Каждая страна имеет свой особый запах, который вы ощущаете сразу при въезде в нее. Англия, например, пахнет дымом, каменным углем и лавандой; Америка — газолином и жженой резиной; Германия — сигарами и пивом; Испания — чесноком и розами; Япония — копченой рыбой… Запах этот запоминается навсегда, и когда хочешь вспомнить страну, вспоминаешь ее запах. И только Россия оставила на всю жизнь тысячи ароматов своих лугов, полей, лесов и степей…

Я сидел на террасе кафе Фукье и любовался городом. Люди шумели за столиками. Неожиданно все головы повернулись. Из большой американской машины вышел человек в светлосером костюме. Он шел по тротуару, направляясь к кафе. Толпа сразу узнала его.

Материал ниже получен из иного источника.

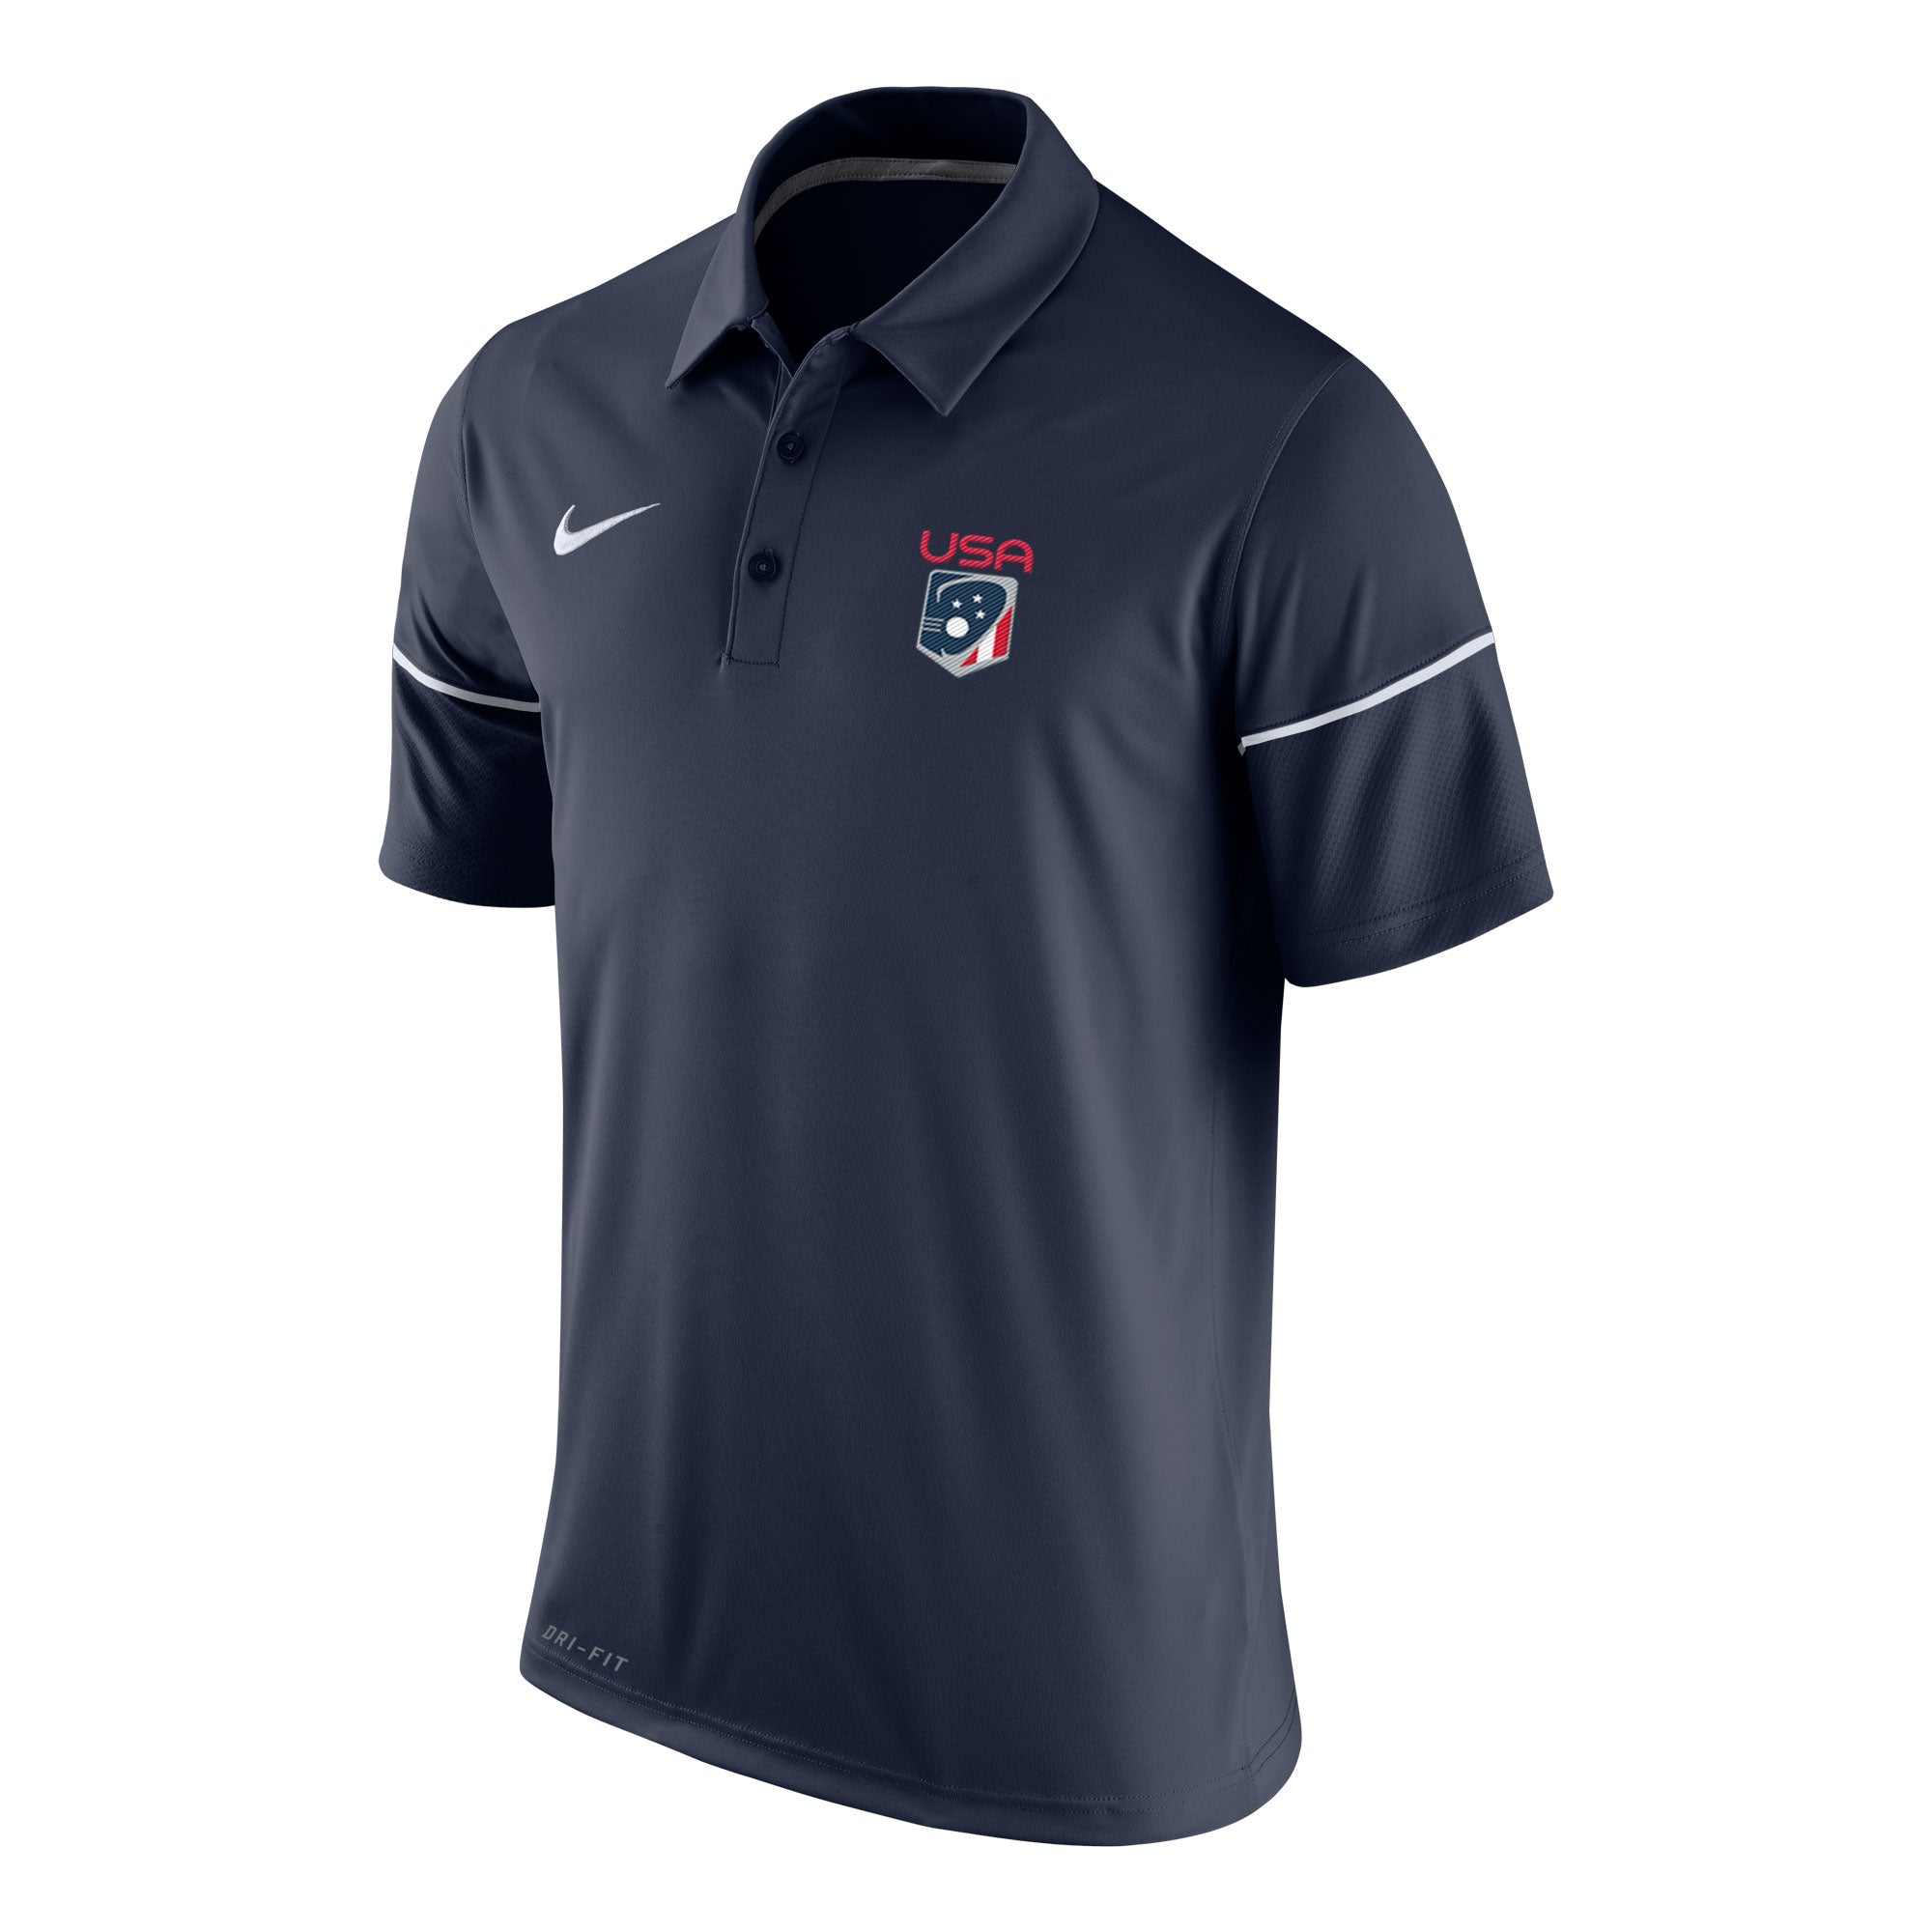 FINAL SALE- Men's Nike Team Issue Polo

— Шаляпин! Шаляпин! — пронеслось по столикам.

Он стоял на фоне заката — огромный, великолепный, ни на кого не похожий, на две головы выше толпы и, улыбаясь, разговаривал с кем-то. Его обступили — всем хотелось пожать ему руку.

Мне тоже захотелось подойти к Шаляпину и заговорить. Я выждал, подошел, представился, и с того дня, почти до самой его смерти, мы были друзьями.

* * *

Выступления Шаляпина в Париже обставлялись оперной дирекцией с небывалой роскошью. Чтобы придать его гастролям национальный характер, была создана «Русская опера». Оркестр и хор специально выписали из Риги, декорации писали лучшие русские художники, находившиеся в то время за границей. Со всей Европы были собраны лучшие оперные и балетные артисты и дирижеры.

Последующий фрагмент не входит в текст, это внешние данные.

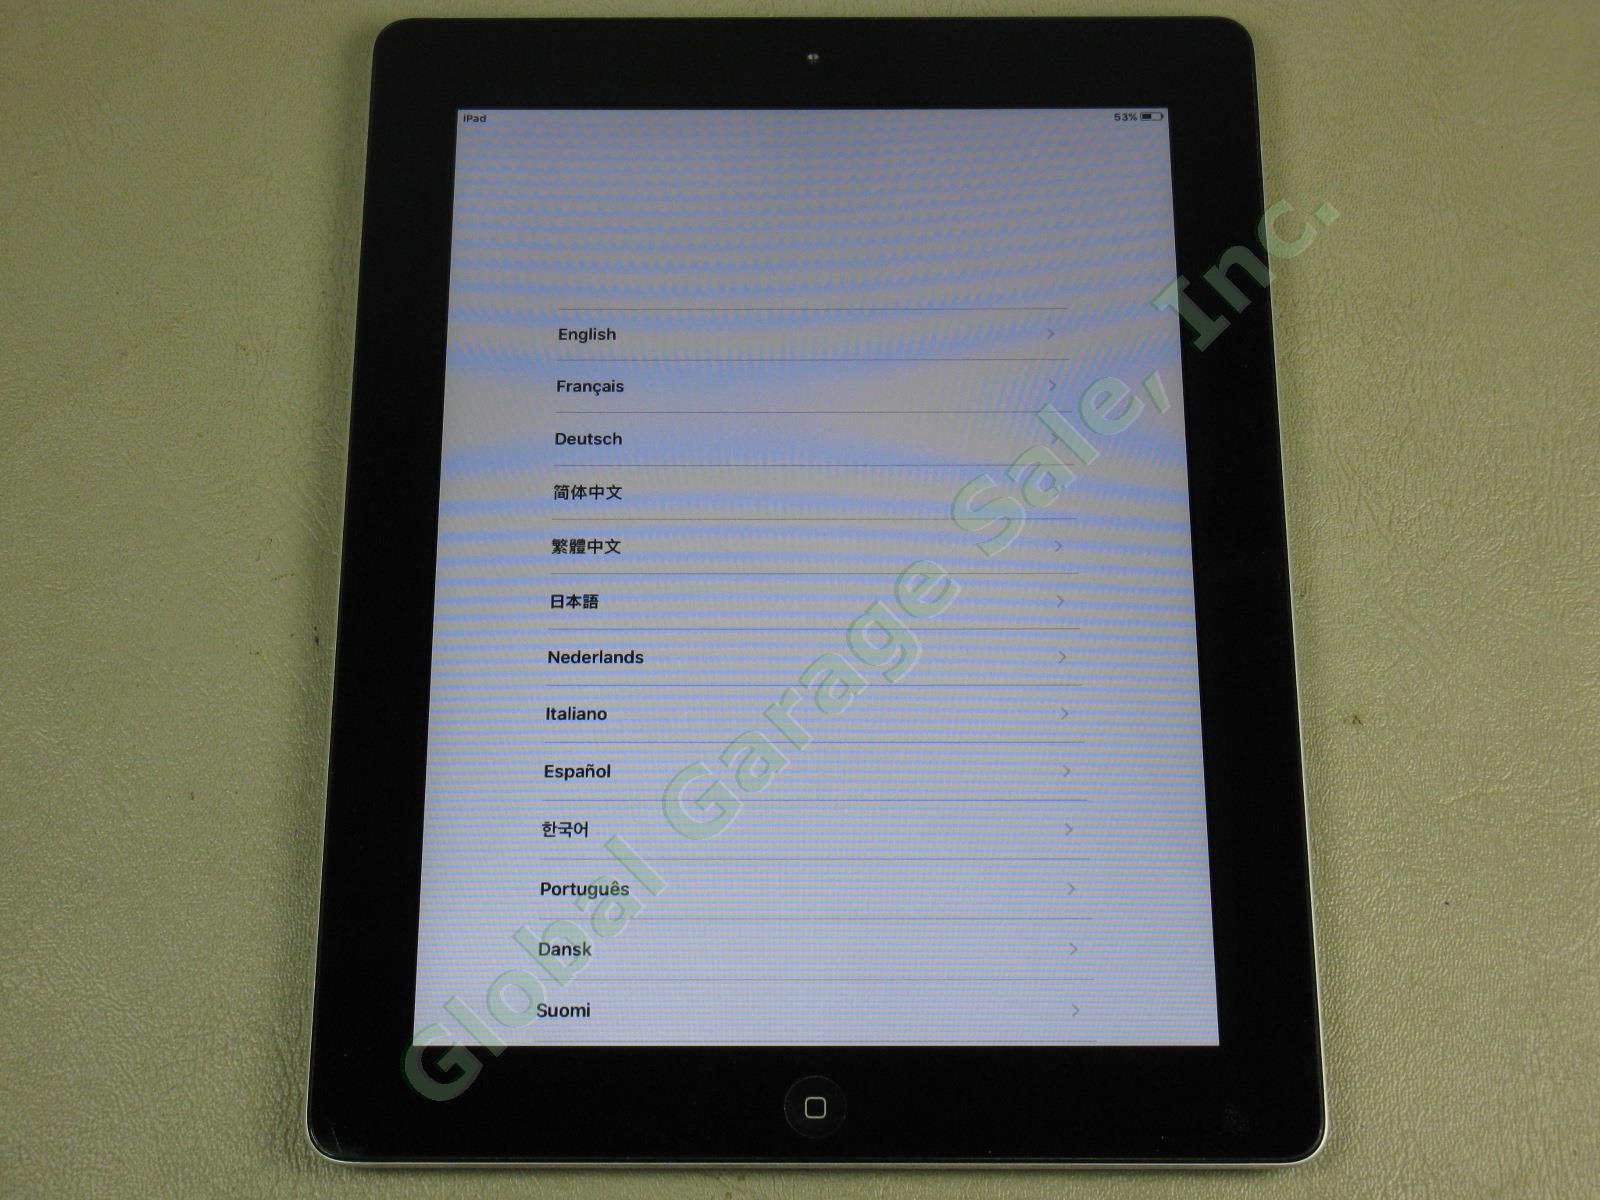 Apple iPad 2 Black Tablet Wifi 16GB Works Great One Owner MC770LL/A A1395 NO RES 1

Первым шел «Борис Годунов». Каким успехом, какими овациями сопровождались выступления Федора Ивановича Шаляпина! Они бушевали с того момента, когда Годунов впервые появляется на сцене, выходя из собора, ведомый под руки боярами и знатью, — огромный, величественный, в драгоценном парчовом кафтане, суровый и властный, мудрый и уже усталый, знающий цену власти и людской преданности.

Публика была покорена и очарована. И все время, пока звучала музыка Мусоргского, пока на сцене развертывалась во всей своей глубине трагедия мятежной души, огромная аудитория театра, затаив дыхание, следила за каждым движением гениального актера.

Как он пел! Как страшен и жалок был он на сцене с призраком убитого царевича! Какой глубокой тоской и мукой звучали его слова:

— Скорбит душа!..

И когда в последнем акте он умирал, заживо отпеваемый церковным хором под звон колоколов, публика дрожала. Волнение и слезы душили зрителей. Люди вставали со своих мест, чтобы лучше видеть и слышать.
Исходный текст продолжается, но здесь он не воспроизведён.